Although the common theme these days is to understand addiction as a brain disease with contributing “psychosocial” factors, I believe there is a more useful way to think about this problem that directly links with how we go about solving it. Addictions are about relationships with objects instead of people. Let me explain.
In all my years doing clinical work and research, I have yet to come across anyone who struggles with addiction that does not also struggle in their relationships with people. This is because addiction typically does not happen overnight, and involves multiple reinforcing experiences that basically tell the brain “keep it up.”
Unfortunately, as a person invests more time and energy into their relationship with objects (alcohol, food, drugs, porn, video poker, the list goes on) less time is spent engaging with people in healthy human relationships. The result is that important developmental skills necessary to initiate, develop, and maintain intimate human relationships become significantly constricted. In sum, many adults who struggle with addiction are child-like in their ability to be in relationships with other people.

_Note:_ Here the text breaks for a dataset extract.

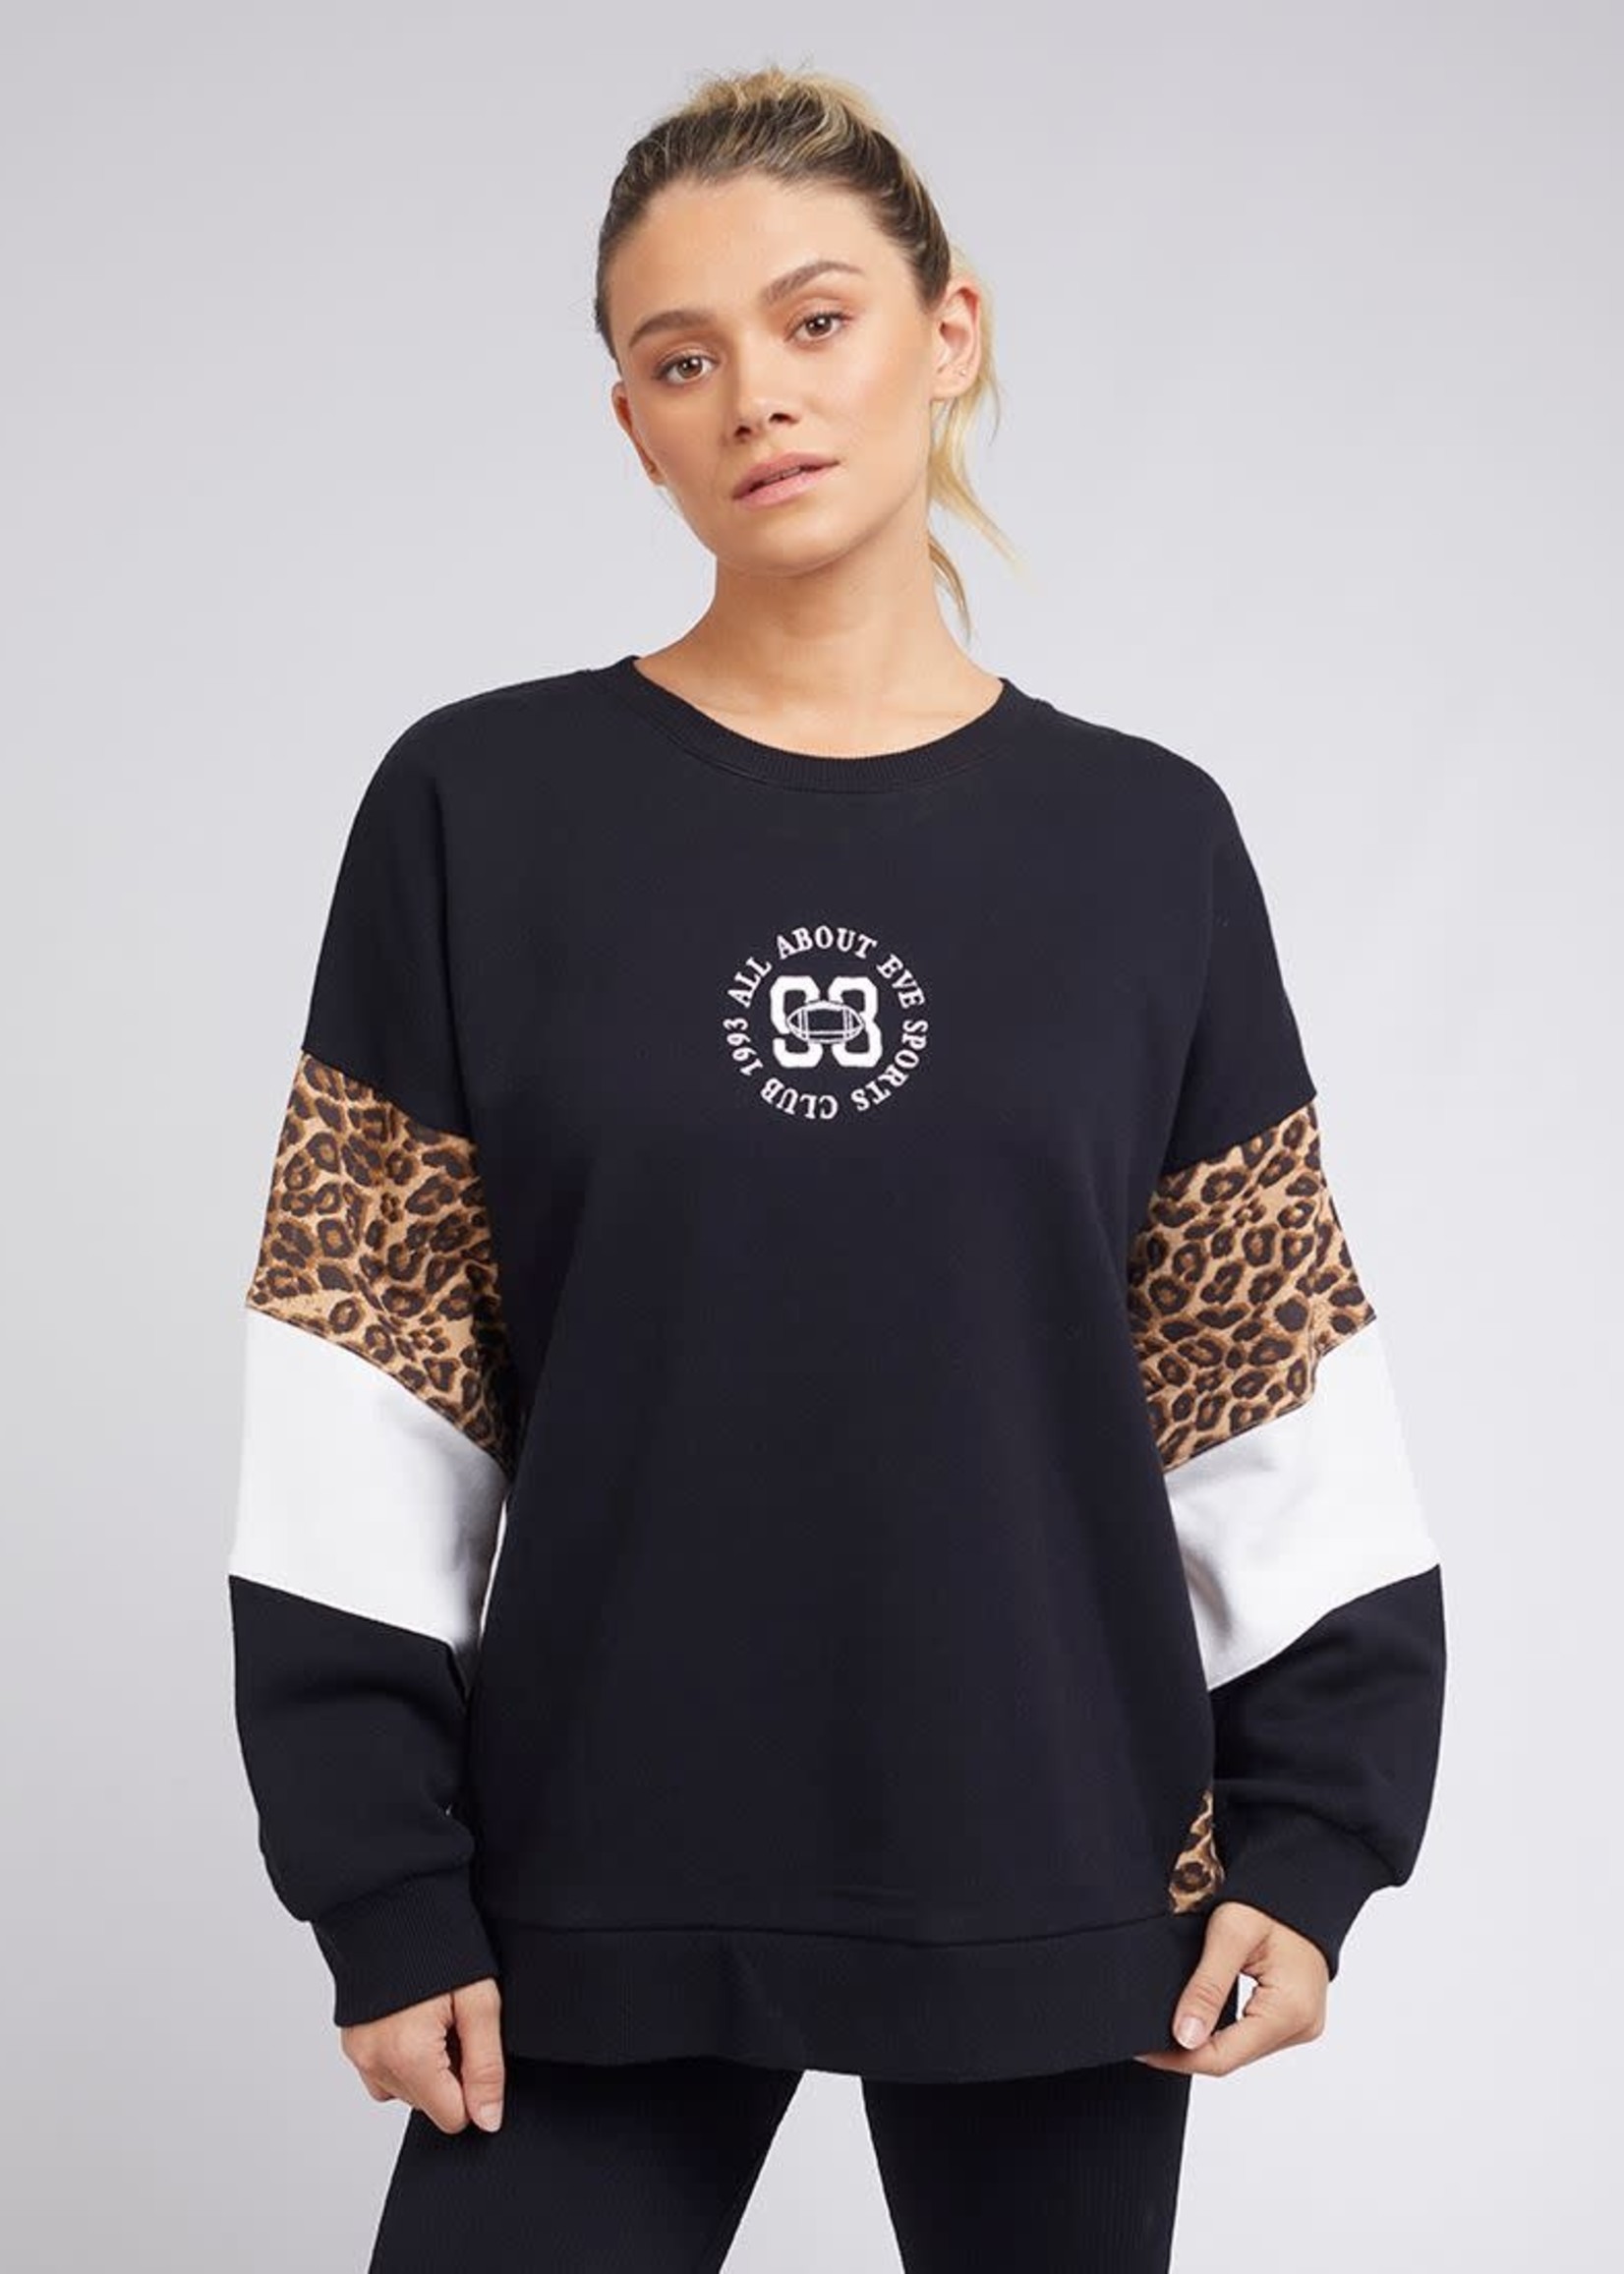 All About Eve Carter Leopard Panelled Crew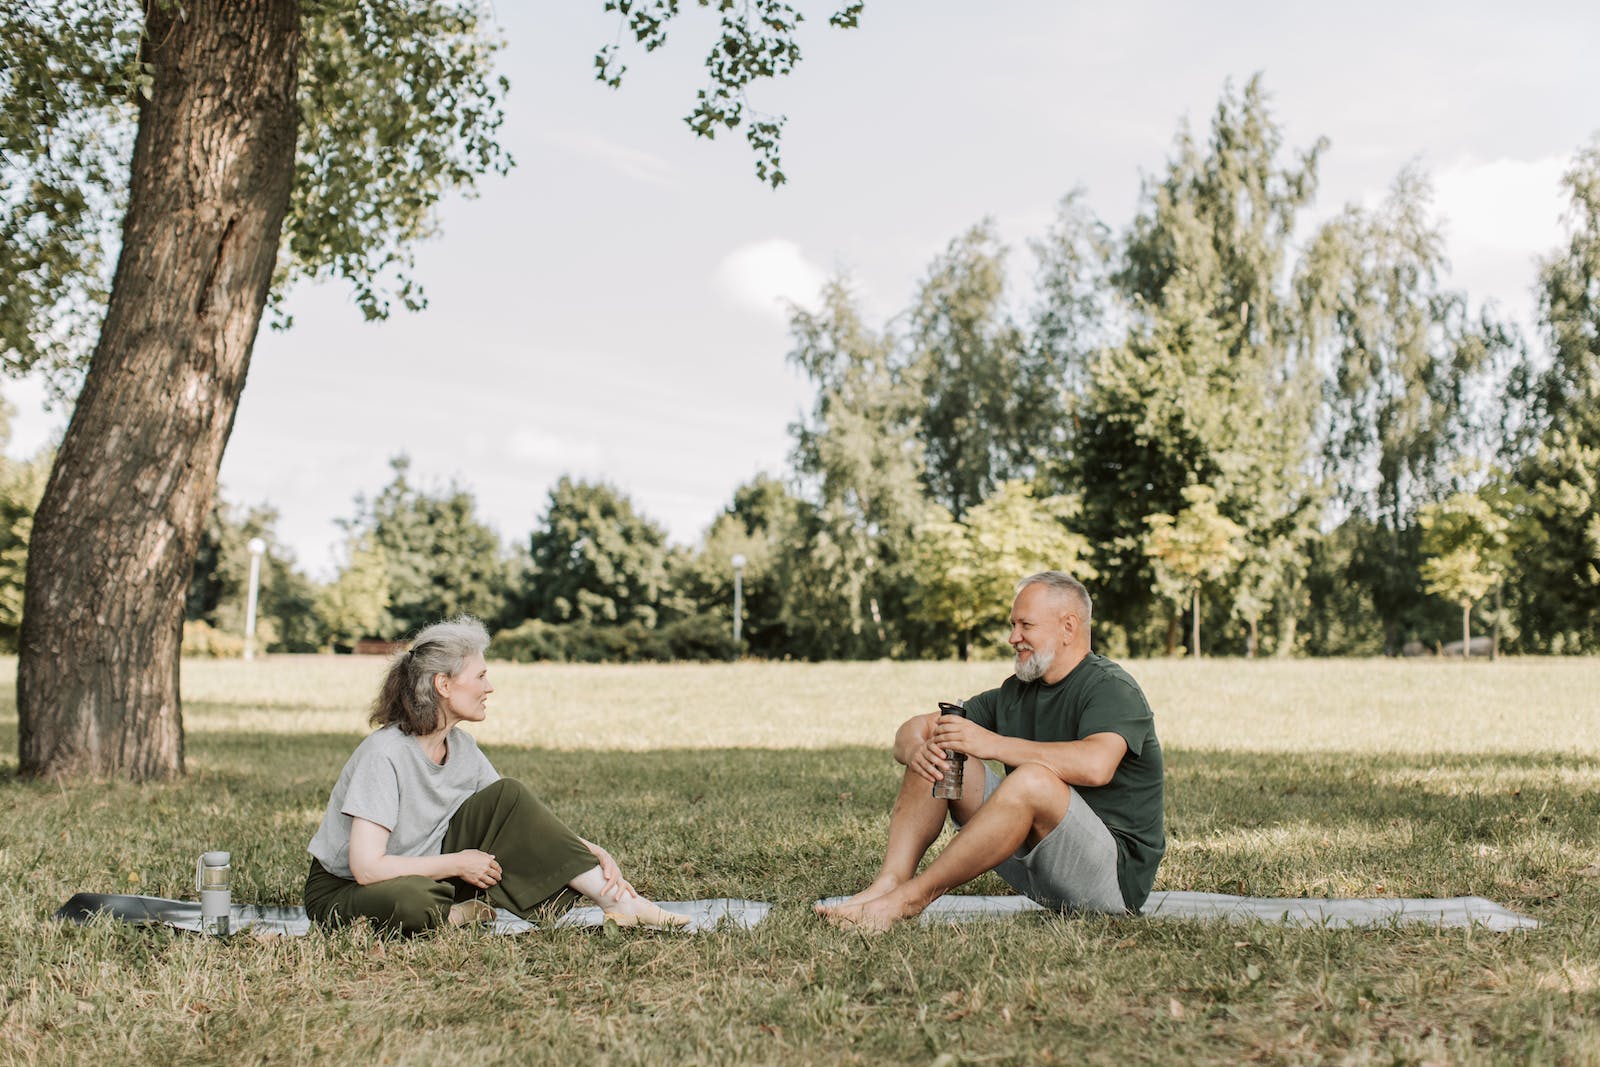 A Man and Woman Talking Together While Sitting on the Grass

This suggests that our treatments and interventions very often miss the mark. We focus so much energy on stopping the problematic behavior that we miss the importance of helping those who struggle developmentally catch-up. We know well from work with autistic children, trauma victims, and others, that no matter how significant the developmental gaps, we can intervene effectively and help people create intimate, emotionally mature, and nurturing relationships that take the place of object-relationships.
This work is not easy, and in future posts I will provide a lot more details about the specific developmental problems we see in those with addictions, and the treatment necessary for healing.
Jessica Pierce says
Do the people struggling with addictions recognize that they also struggle with their personal relationships? Or realize that they are child-like in their interactions? How do you go about “catching them up?”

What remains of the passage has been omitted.